$\mathrm{\alpha }$-Decay half-lives, $\mathrm{\alpha }$-capture, and $\mathrm{\alpha }$-nucleus potential

Abstract

$\mathrm{\alpha }$-Decay half-lives and $\mathrm{\alpha }$-capture cross sections are evaluated in the framework of a unified model for $\mathrm{\alpha }$-decay and $\mathrm{\alpha }$-capture. In this model $\mathrm{\alpha }$-decay and $\mathrm{\alpha }$-capture are considered as penetration of the $\mathrm{\alpha }$-particle through the potential barrier formed by the nuclear, Coulomb, and centrifugal interactions between the $\mathrm{\alpha }$-particle and nucleus.
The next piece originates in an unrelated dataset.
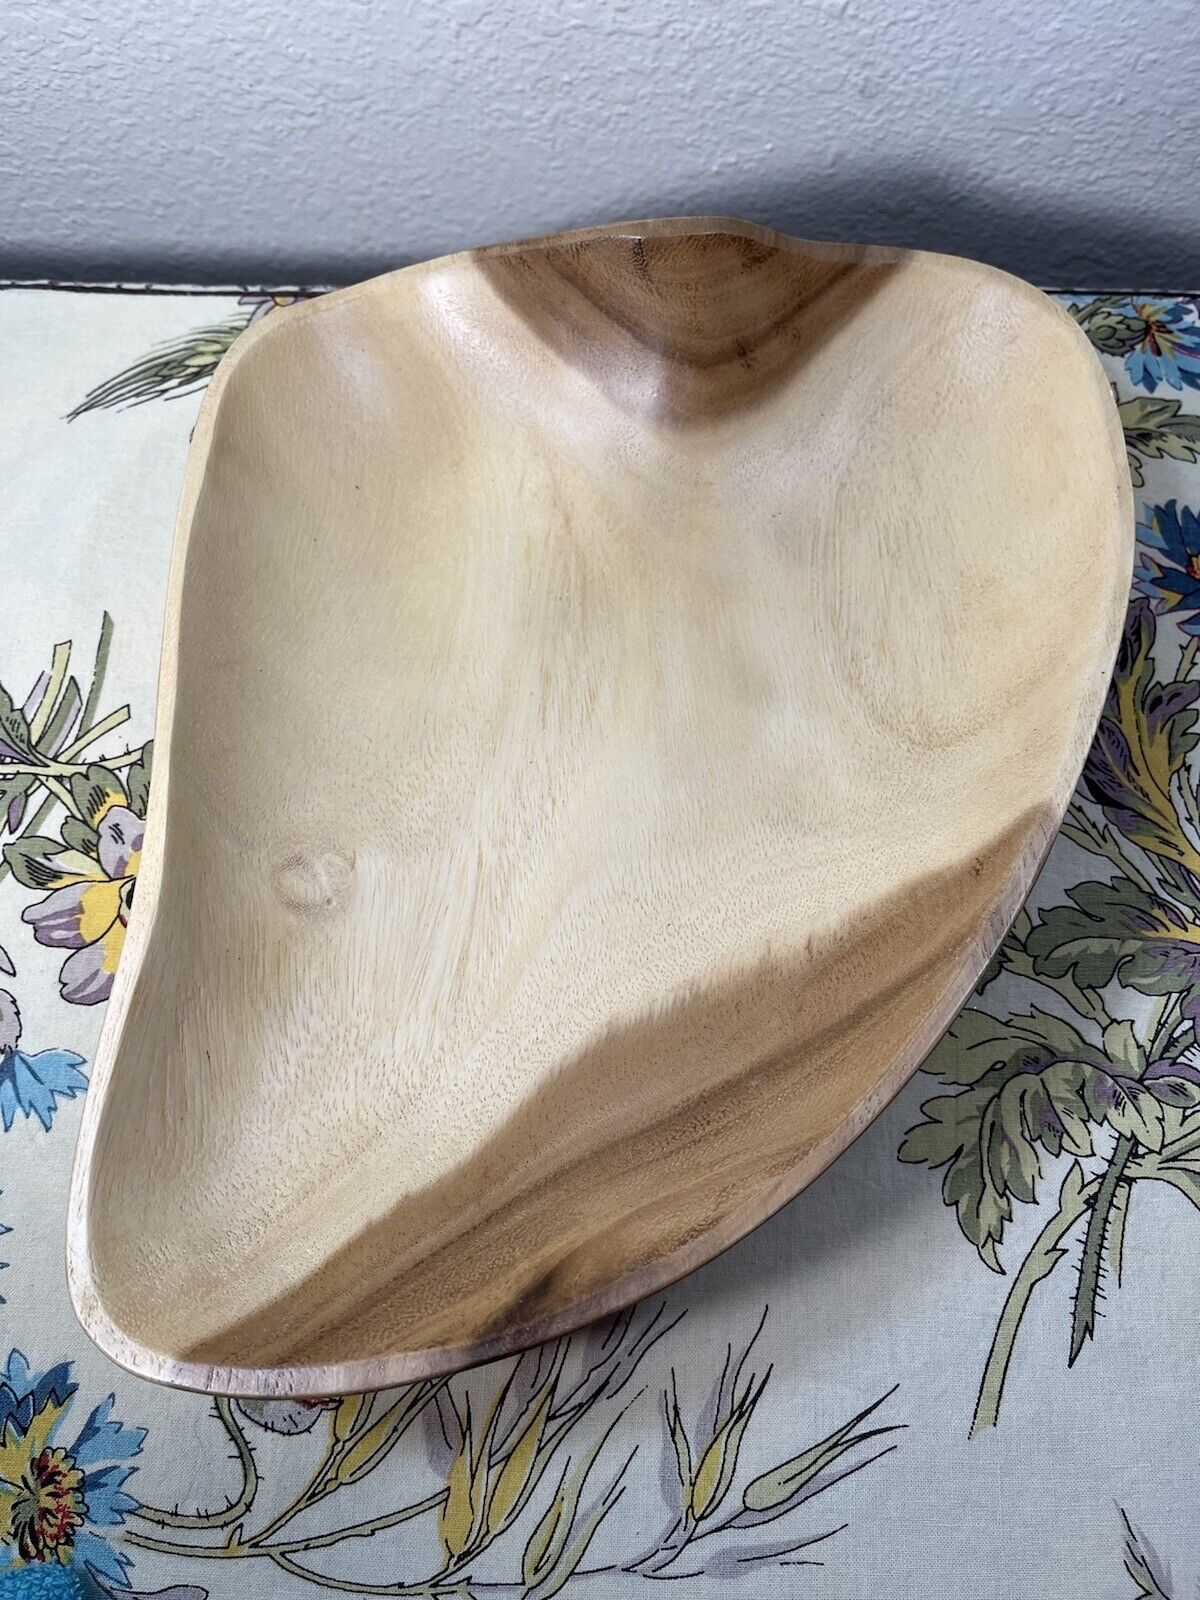 Wooden Heart Shaped Dish Bowl Acadia Wood Bowl Enrich 1453 Valentine Gift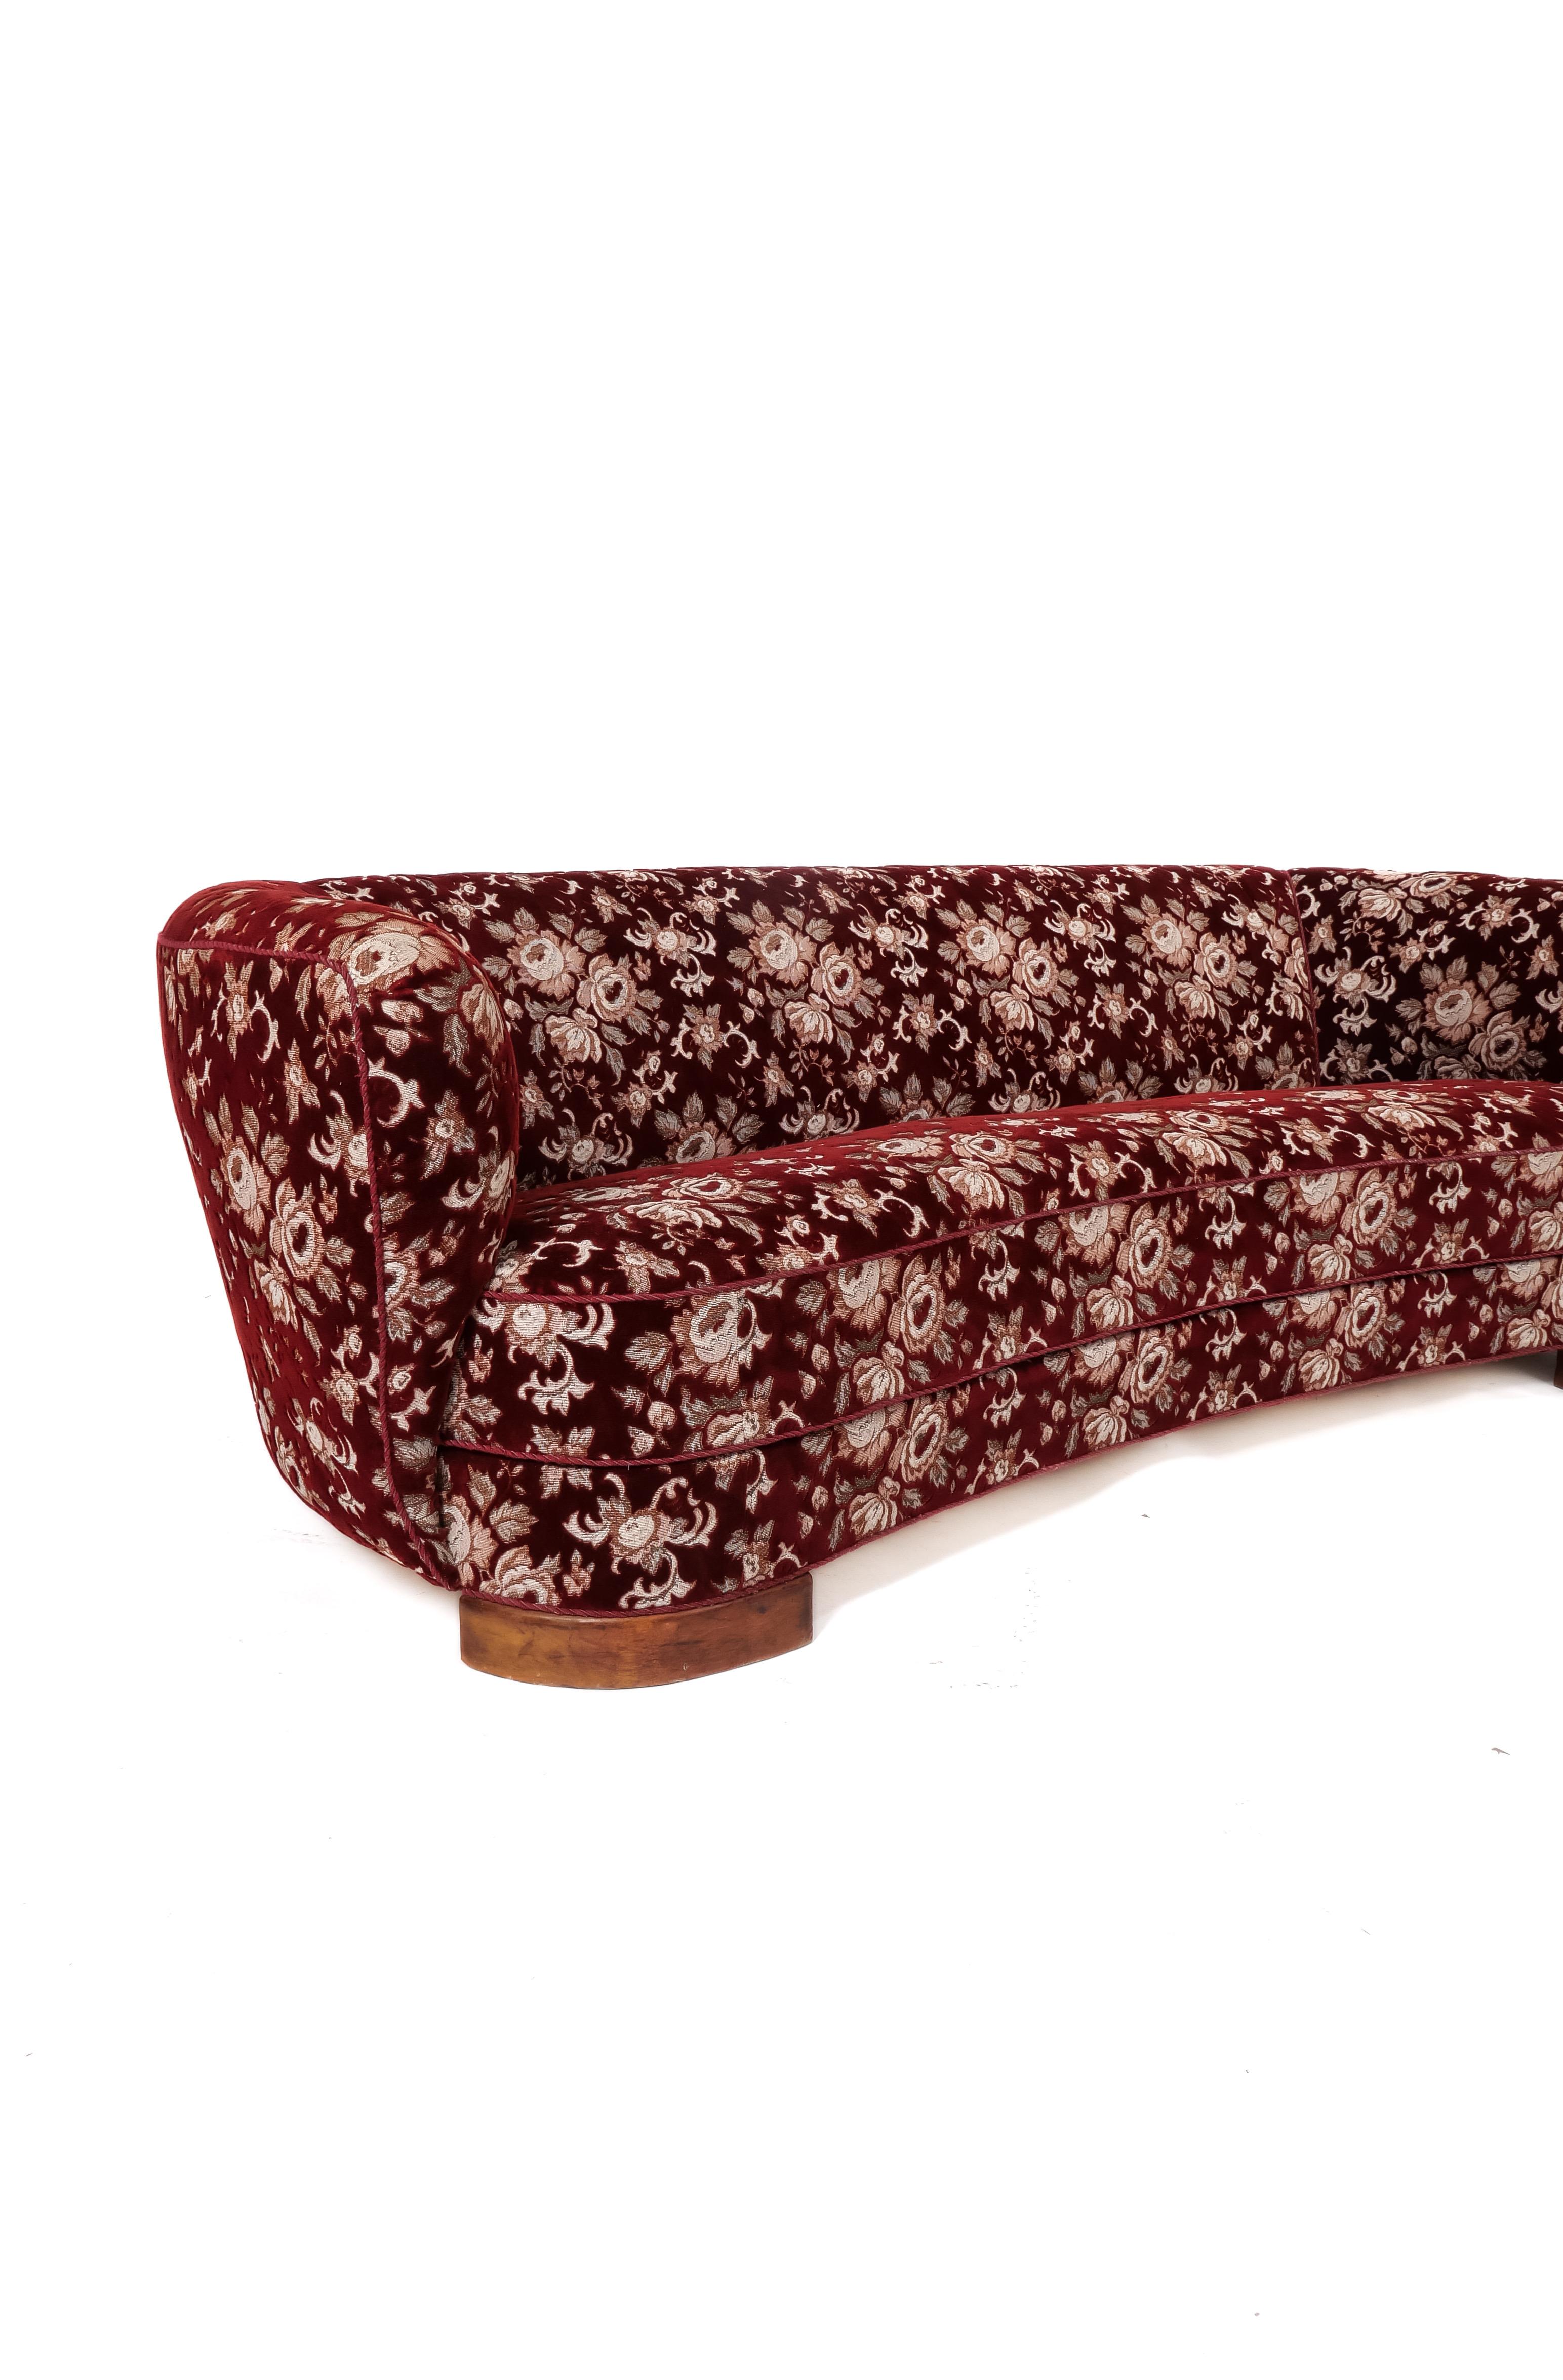 Fabulous floral velvet upholstery on this classic shape. Circa 1930s “Banana” sofa, elegantly curved  with deep seating area its low-slung back profile and strong arm lines create a dramatic statement. Stained beech legs. Upholstery in very good

The spins and parities of the parent and daughter nuclei as well as the quadrupole and hexadecapole deformations of the daughter nuclei are taken into account for evaluation of the $\mathrm{\alpha }$-decay half-lives. The $\mathrm{\alpha }$-decay half-lives for 344 nuclei and the $\mathrm{\alpha }$-capture cross sections of ⁴⁰Ca, ⁴⁴Ca, ⁵⁹Co, ²⁰⁸Pb, and ²⁰⁹Bi agree well with the experimental data. The evaluated $\mathrm{\alpha }$-decay half-lives within the range of ${10}^{-9}⩽T_{1/2}⩽{10}^{38}$ s for 1246 $\mathrm{\alpha }$-emitters are tabulated.

Introduction

α-Decay is a very important process in nuclear physics [1], [2], [3], [4], [5], [6], [7], [8], [9], [10], [11], [12], [13], [14], [15], [16], [17], [18], [19], [20], [21], [22], [23], [24], [25], [26], [27], [28], [29], [30], [31], [32], [33], [34], [35], [36], [37], [38], [39], [40]. Experimental information on $\mathrm{\alpha }$-decay half-lives is extensive and is being continually updated (see Refs. [3], [4], [5], [6], [7], [8], [9], [10], [11], [12], [13], [14] and papers cited therein). The theory of $\mathrm{\alpha }$-decay was formulated by Gamow [1] and independently by Gurney and Condon [2] in 1928. Subsequently various microscopic [15], [16], [17], [18], [19], [20], [21], macroscopic cluster [3], [22], [23], [24], [25], [26], [27], [28], [29], [30], and fission [4], [32] approaches to the description of $\mathrm{\alpha }$-decay have been proposed. Simple empirical relations for description of $\mathrm{\alpha }$-decay half-lives are extensively discussed also (see, for example, Refs. [5], [10], [23], [32], [33], [34], [35], [36], [37], [38], [39], [40] and numerous references therein).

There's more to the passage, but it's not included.